Le soleil fait mine de s’écraser sur la cité de David,
en ce vendredi veille de sabbat. On dit erev shabbat,
dans la langue hébraïque, apprendrai-je plus tard.
Une journée marquée d’une grande frénésie avant
que ne s’impose le repos du septième jour. Shabbat
shalom, la paix du sabbat. Mon premier voyage
en Israël s’achève, nous repartons dimanche. Les
avions d’El Al, les lignes aériennes israéliennes ne
volent pas le samedi. C’est tant mieux car samedi,
je serai malade comme un chien, enfermée dans
ma luxueuse suite de l’hôtel historique King David.
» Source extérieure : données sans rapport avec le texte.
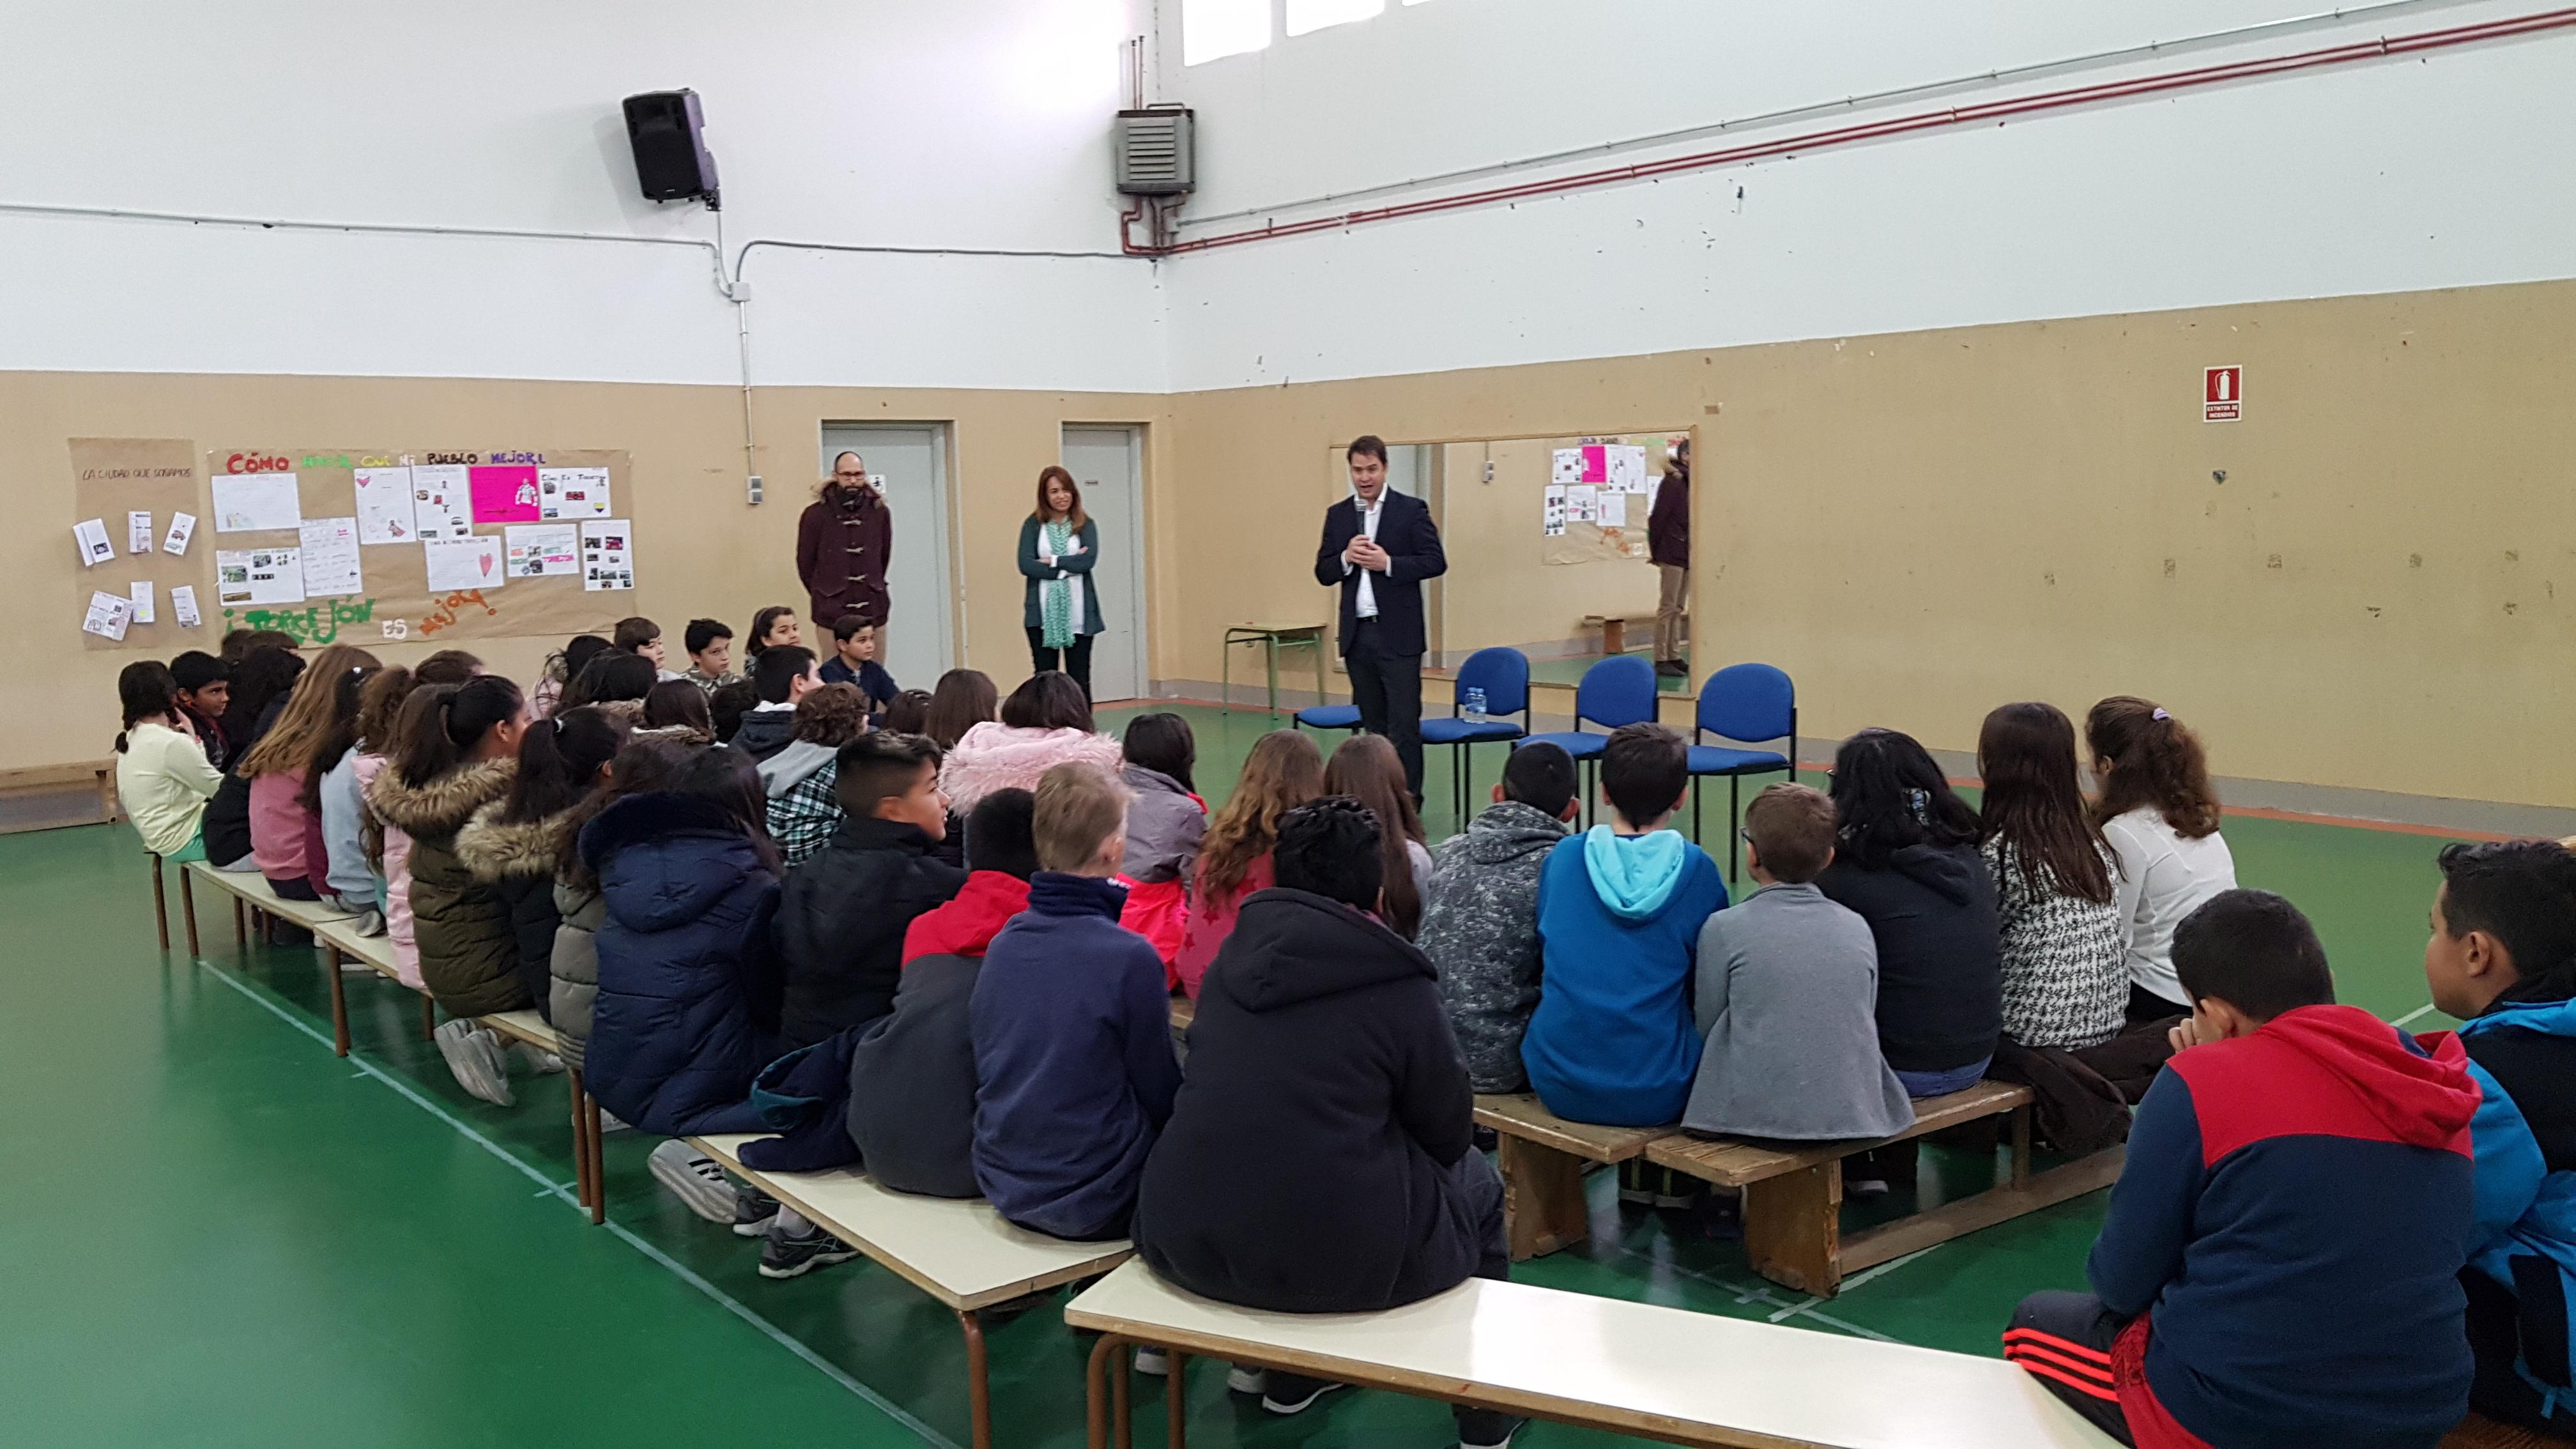 Visita del Alcalde de Torrejón de Ardoz al CEIP Andrés Segovia 6

Mais ça, je ne le sais pas encore.
Au Moyen Âge, on croyait que la Terre sainte
était le centre du monde, et Jérusalem, le centre du
centre. C’est sous la coupole dorée du monument
islamique qui domine la ville, le Dôme du Rocher,
que se trouve la Pierre de fondation, le nombril du
monde à partir duquel Dieu aurait créé la Terre,
selon les textes sacrés juifs, chrétiens et musulmans.
À lire les journaux d’aujourd’hui, rien n’a changé.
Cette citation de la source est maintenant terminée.